Records for this task

>>>>

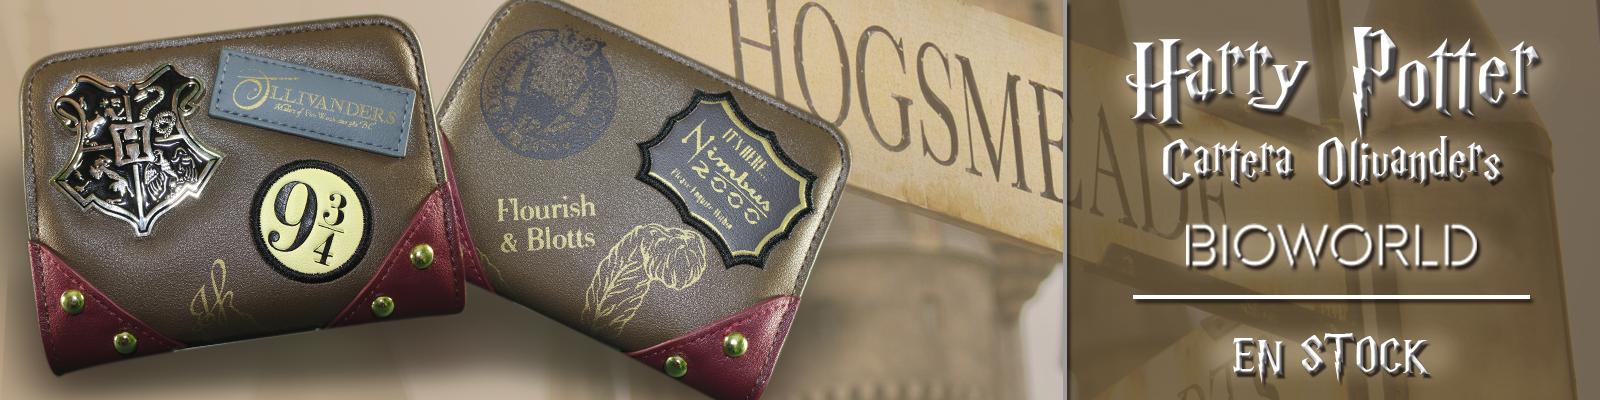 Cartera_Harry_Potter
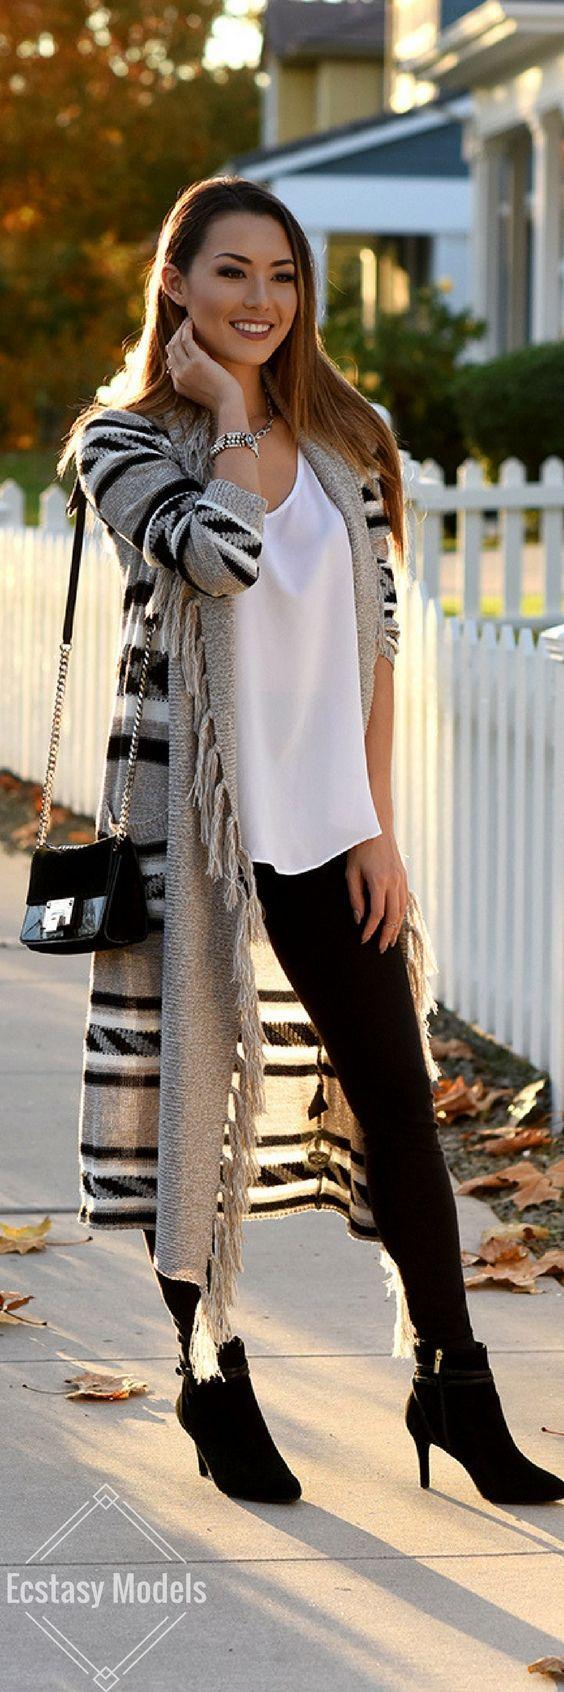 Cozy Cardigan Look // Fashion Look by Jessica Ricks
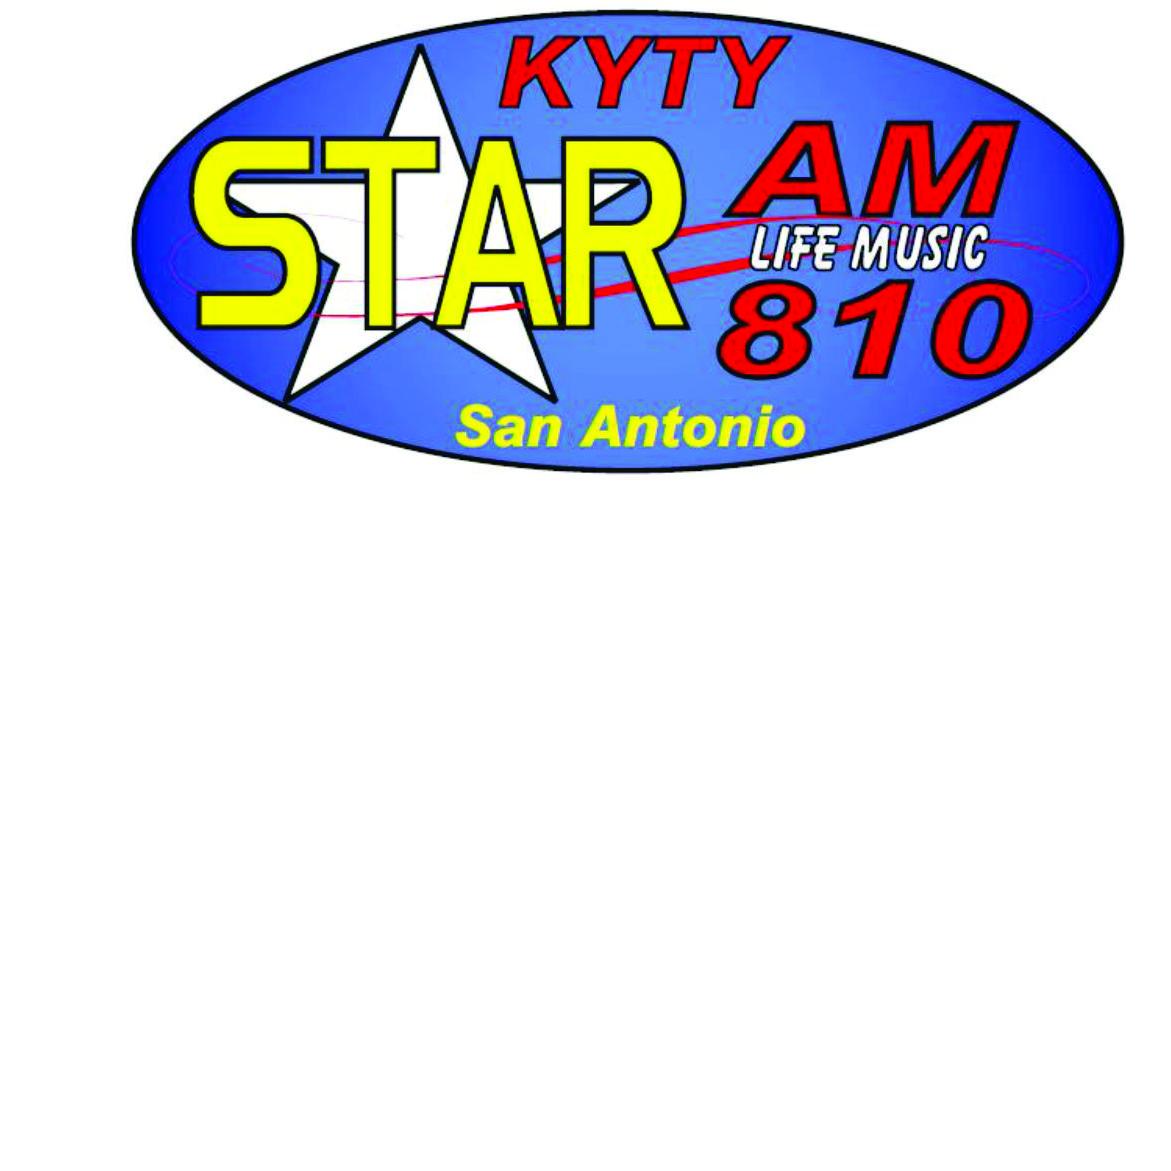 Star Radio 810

<<<<
>>>>

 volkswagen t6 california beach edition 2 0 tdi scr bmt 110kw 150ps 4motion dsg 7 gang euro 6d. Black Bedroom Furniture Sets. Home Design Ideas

<<<<

No picture is to be printed. Output exactly the lines above from the line containing "Cartera_Harry_Potter" through the line containing "Star Radio 810".

 Cartera_Harry_Potter
 Cozy Cardigan Look // Fashion Look by Jessica Ricks
 Star Radio 810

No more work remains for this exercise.